CVE-2023-5746: Critical Flaw Detected in Synology BC500 and TC500 Cameras

CVE-2023-5746
Image Credit: Synology

Synology Camera BC500 and TC500 devices are popular security cameras used by businesses and homes alike. However, a recently discovered vulnerability in these devices could allow attackers to remotely execute arbitrary code on the system.

A critical severity vulnerability, labeled as CVE-2023-5746, has been unearthed in Synology Camera models BC500 and TC500. With a chilling CVSS score of 9.8 out of 10, this flaw is not one to be overlooked.

Image Credit: Synology

At its core, the vulnerability is rooted in improper input validation. By exploiting this weakness, malicious actors can remotely execute arbitrary code on the system. This is achieved by sending a specially crafted request using an externally-controlled format string. In simpler terms, attackers could potentially take control of your camera system by capitalizing on this flaw.
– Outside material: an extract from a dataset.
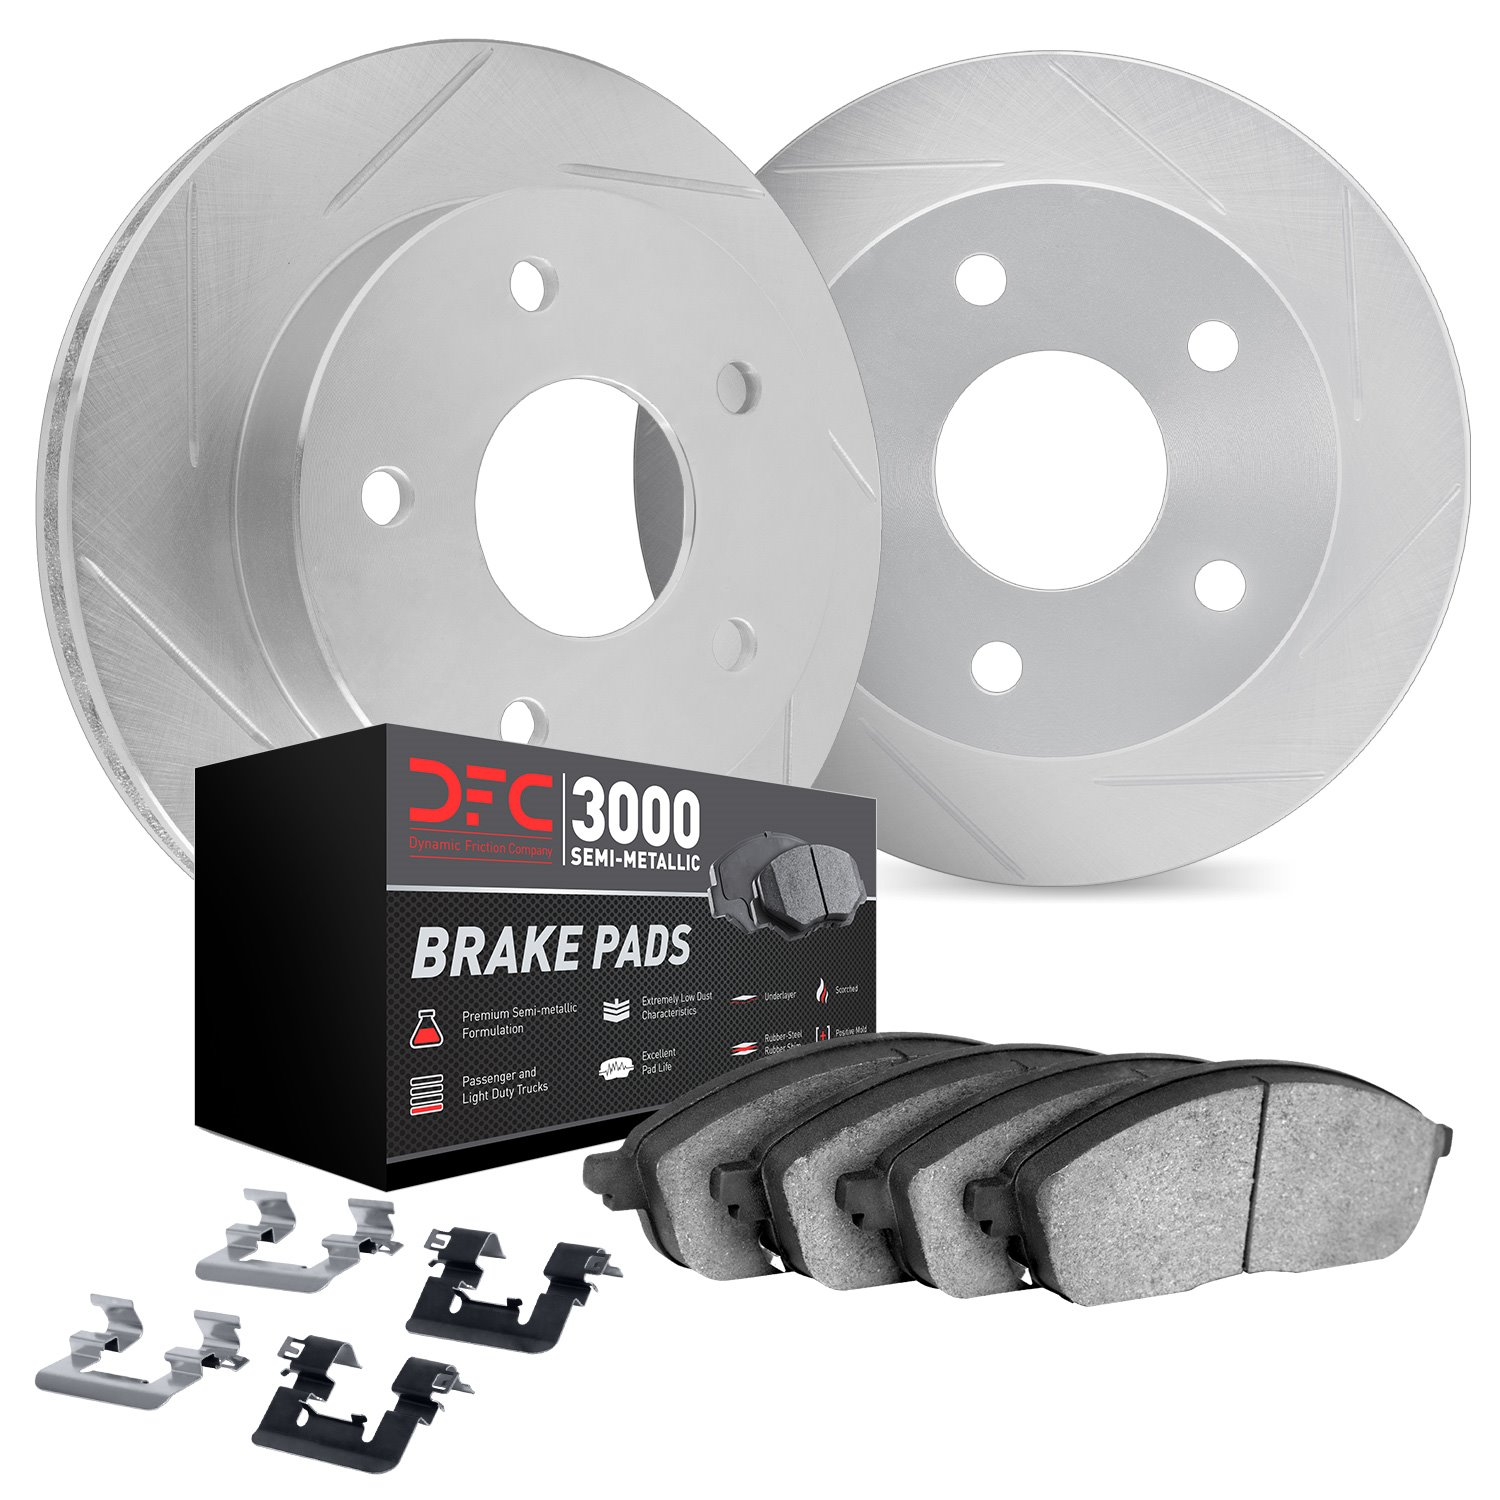 5112-73084 Slotted Brake Rotors with 3000-Series Semi-Metallic Brake Pads Kit & Hardware [Silver], Fits Select Audi/Volkswagen,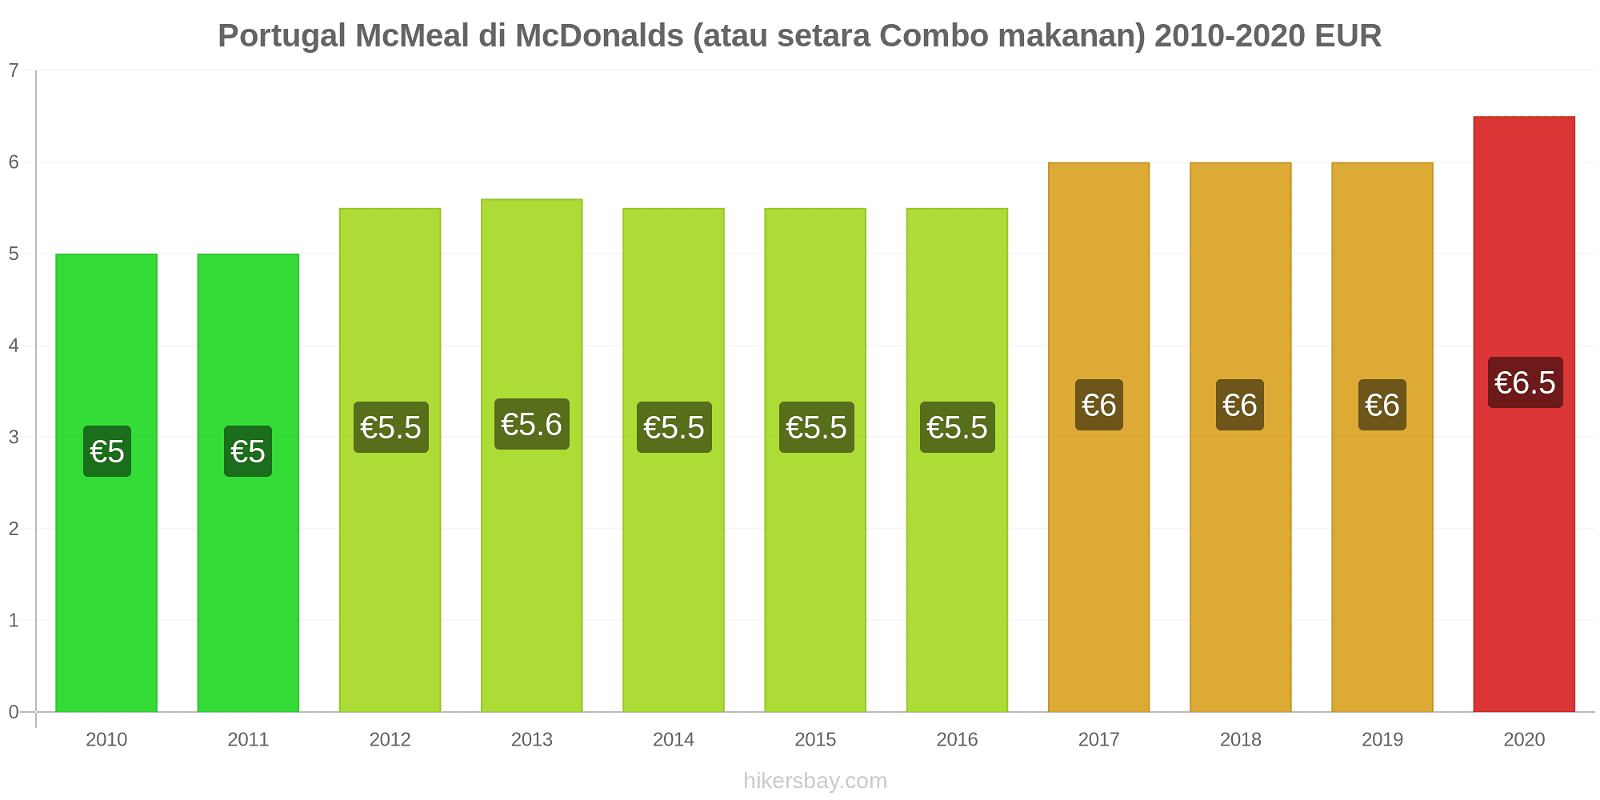 Portugal perubahan harga McMeal di McDonalds (atau setara Combo makanan) hikersbay.com

The primary cause for concern lies in the cgi component of these cameras, where the vulnerability is specifically located. The use of an externally controlled format string within this component is the crux of the issue, permitting remote attackers to commandeer devices via unspecified vectors.

Importantly, users need to be aware that Synology Camera Firmware versions before 1.0.5-0185 on BC500 and TC500 models are especially susceptible.

CVE-2023-5746 is a critical vulnerability, as it could allow attackers to take complete control of affected devices. Once an attacker has control of a device, they could use it to spy on the device’s owner, steal data, or even launch attacks against other devices on the network.

Synology has released a firmware update to patch this vulnerability. All users of Synology Camera BC500 and TC500 devices are urged to update to the latest firmware as soon as possible.

As a primary mitigation strategy, users are urged to set up firewall rules that permit only trusted clients to connect. By doing so, they can limit potential attack vectors, providing a protective buffer until a more permanent solution is rolled out.

If you think your Synology Camera BC500 or TC500 device may have been compromised, you should immediately take the following steps:

  1. Isolate the device from your network. This will prevent the attacker from spreading the infection to other devices on your network.
  2. Change the password for your device. This will prevent the attacker from accessing your device again.
  3. Scan your device for malware. There are a number of free and commercial anti-malware programs available that can scan your device for malware.